И правда неловко: как это я ее одну оставила? Знаю ведь, что переживает. Вот-вот пойдет скорый, ей надо своих пересчитать и убедиться, что целы все и не на путях. Закроет нас с Саней и прочую детвору пятого вагона в этом самом вагоне, положит лестницу поперек широкой двери, чтоб не вывалились детишки, и начнет высматривать отца. За Короля она еще сильнее боится, я знаю. Потому что все говорят: проклятые Вдовой долго не живут, а шрам на папиной руке широк и темен…
Добежав до начала вагона, я быстро спустилась с крыши и юркнула в дом. Помогла маме поднять нашу лестницу-сходни, положить поперек, превращая в загородку. Вот мы и готовы к отправлению поезда.
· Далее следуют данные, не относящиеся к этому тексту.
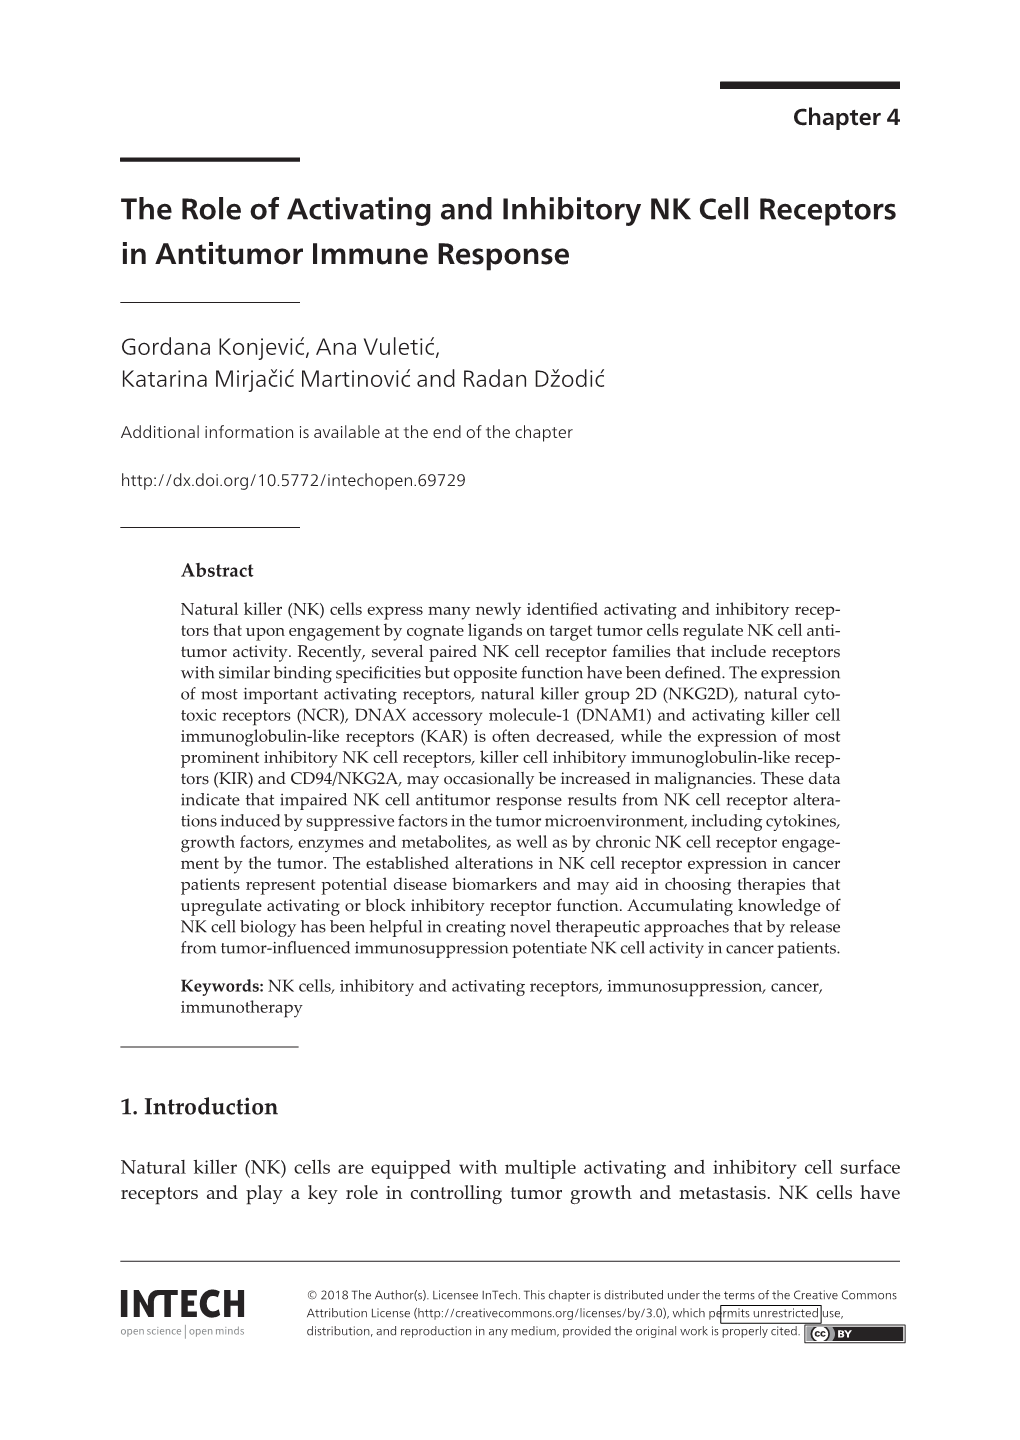 The Role of Activating and Inhibitory NK Cell Receptors in Antitumor Immune Response
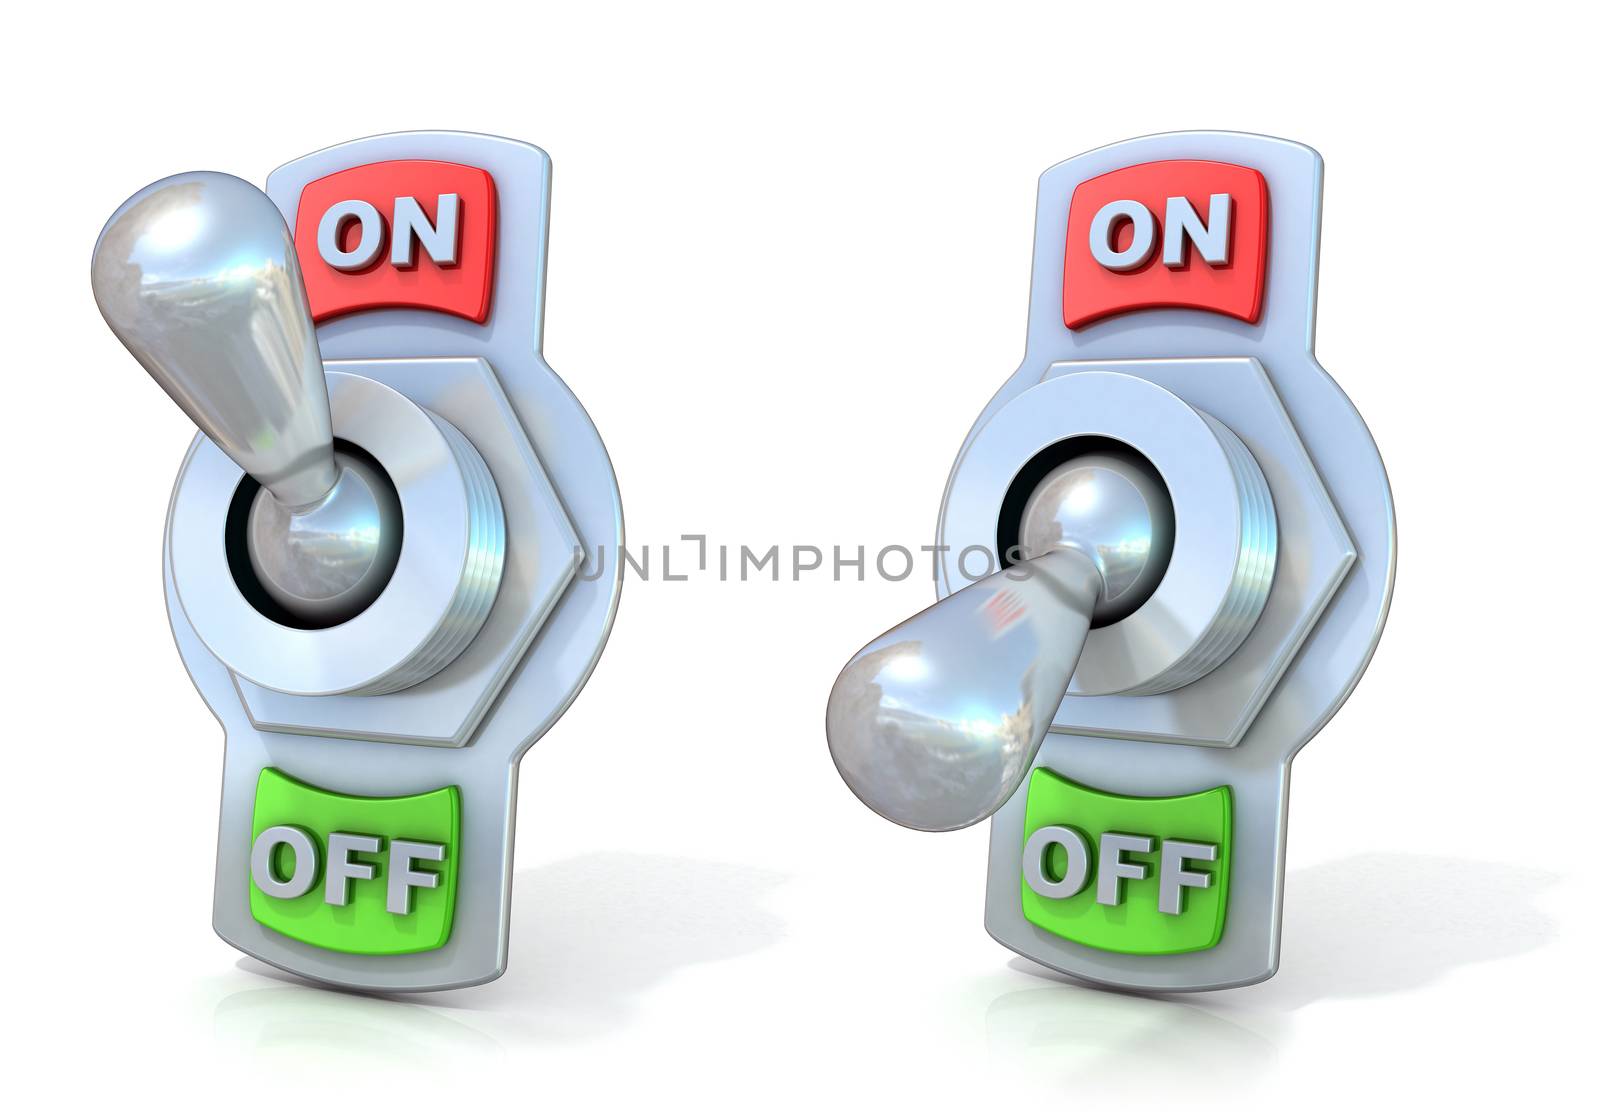 On and off metal toggle switches. 3D render illustration isolated on white background.

Саня тотчас просунул ноги между перекладинами лестницы и уселся на полу, глядя из вагона на лес и край насыпи. Мама встала рядом, еще раз глазами пересчитала нас, ребятню, – все семь душ пятого вагона здесь, целы. И гость вагона, Олег, тоже вот он.
– Да где же мой Колька? – предсказуемо расстроилась мама. – Три плети рельсов меняли и времени нам дали всего-то ничего, а ну как не успеваем! Ну что мы, единственный ремпоезд? Почему моему Кольке достается хуже всех? Вон восьмой ремсостав только и чинит глухие боковые ветки. Там если один поезд в неделю пройдет – уже много. А у нас строгое расписание, сетевой график маршрутный. Семенович-то еще утром сказал: подушку подмыло, отсыпка требуется. Трамбовка, подбивка…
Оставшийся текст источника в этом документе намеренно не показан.